退職の際は、必ず離職票を発行してもらうよう、念を押しておきましょう。会社に受け取りに行けない場合は、郵送で送ってもらうようにするとよいでしょう。

もし10日を過ぎても離職票が発行されず、問い合わせてもはぐらかされる場合は、労働基準監督署に相談してみるとよいでしょう。

ブラック企業を辞めたい人に!力になってくれる相談窓口

ブラック企業を辞めたいが、一人だと言いくるめられてしまい、なかなか辞められない…。そんな場合は、外部の窓口に相談したり、助けを求めることをおすすめします。

労働関係で力になってくれる相談窓口を、以下にご紹介しましょう。

総合労働相談コーナー
無料で相談できる労働局の労働相談窓口で、匿名での利用も可能。労働関係全般の相談に乗り、必要に応じて専門的な機関も紹介してくれます。
労働基準監督署
労働基準法違反の取り締まりを行う部署です。残業代の不払いなどがある場合、違反申告すれば行政指導を行ってくれます。
連合(日本労働組合総連合会)
日本最大の労働組合。ブラック企業やセクハラ・パワハラなど、労働問題全般の相談に乗ります。電話だけでなく、メールでの相談もできます。
法テラス
国が設立した法的トラブル解決の総合案内所。労働相談にも応じており、必要に応じて問題解決のための法制度や手続き、適切な相談窓口を無料で紹介してくれます。
日本労働弁護団
全国の弁護士によって組織された団体で、労働相談や訴訟活動に対する支援を行っています。

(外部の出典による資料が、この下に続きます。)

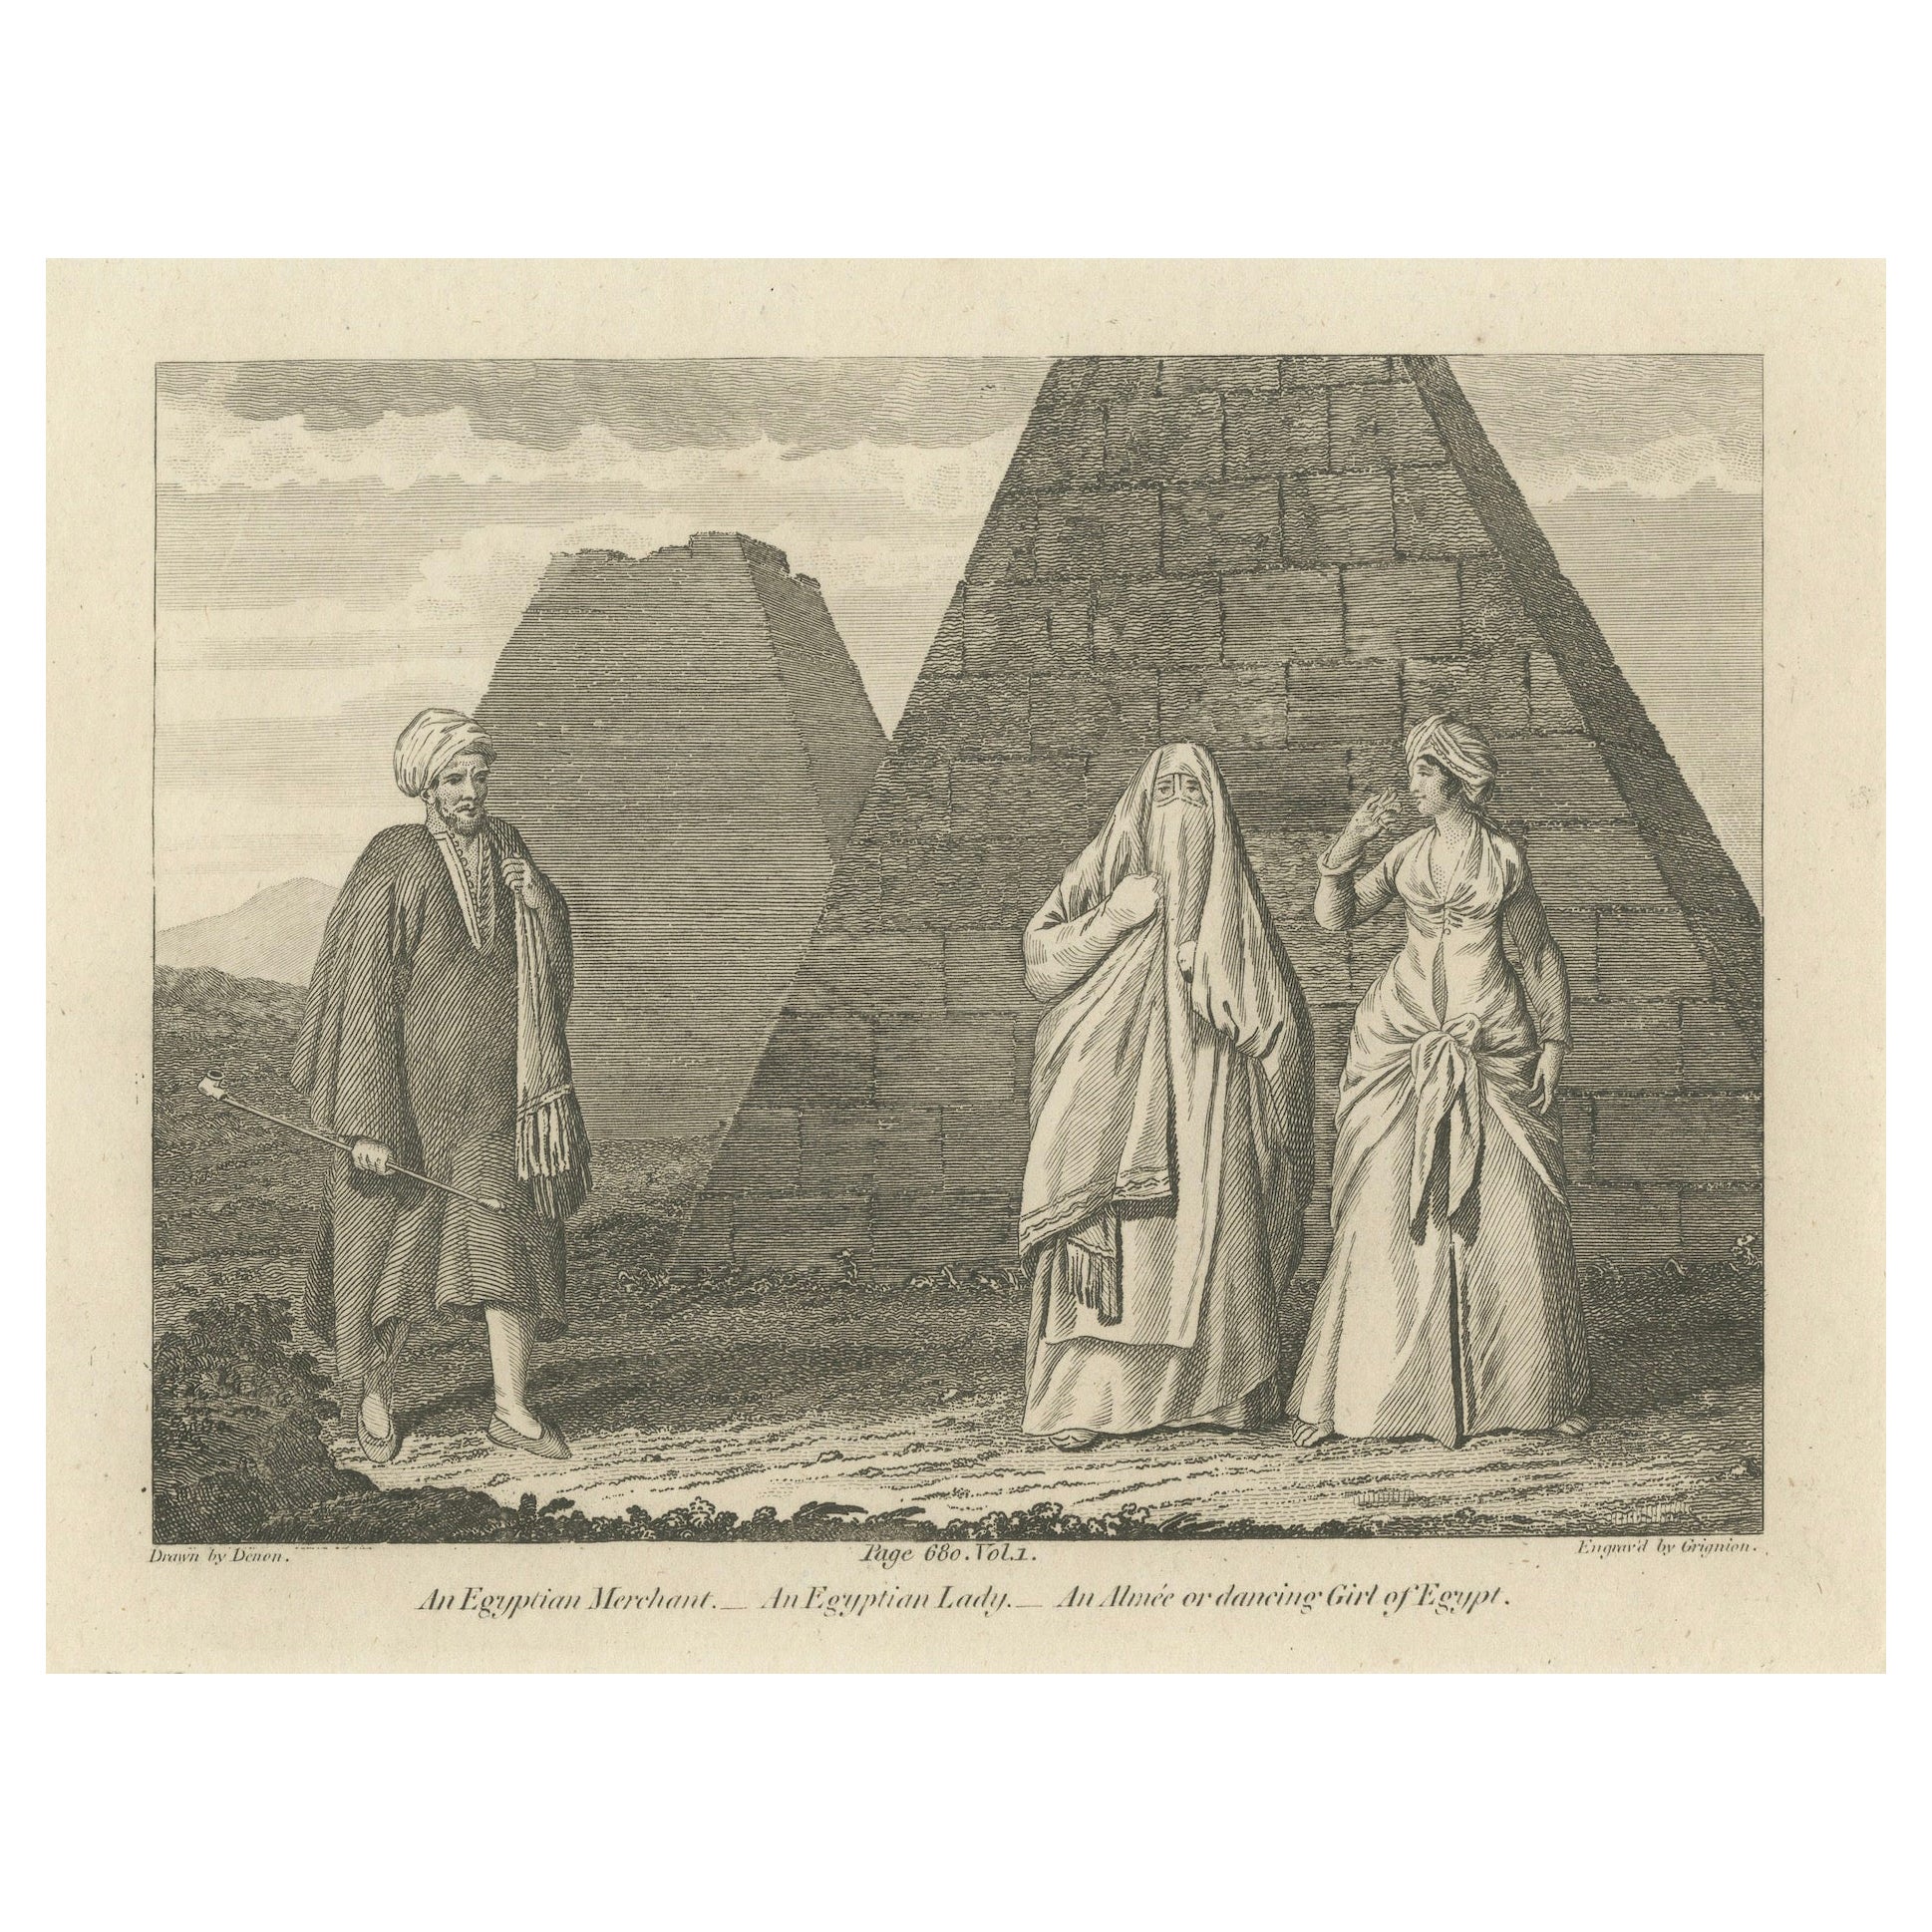 Society of the Nile: Mamluk, Lady und Almee in Ägypten, 1801

ブラック企業かな?と感じたら、勇気を出して辞める決断を!

いかがでしたか?ブラック企業は辛く苦しい思いをしなければ一人前になれない、寝る間も惜しんで働くことがやる気の現れなど、前時代的な根性論を盾にすることも少なくありません。

確かに努力や向上心は大切ですし、仕事では楽しい経験ばかりでなく、叱られたり辛い思いをすることもあるでしょう。

しかし、毎日寝る間も削って残業しなければならなかったり、休日がないという状態は明らかに異常で、そのまま働き続けると心身共に蝕まれてしまう可能性もあります。

責任感が強く真面目な人ほど、ブラック企業に付け込まれてしまいがち。もし職場がブラックだと感じた場合は、病んでしまう前に逃げ出すことも大切です。

もし自分一人で解決できないのなら、家族や第三者など、会社の人以外の誰かに相談することをおすすめします。一人で抱え込むのではなく、時には周りの力を借りながら、心身ともに健康な状態で働けるようにしてくださいね。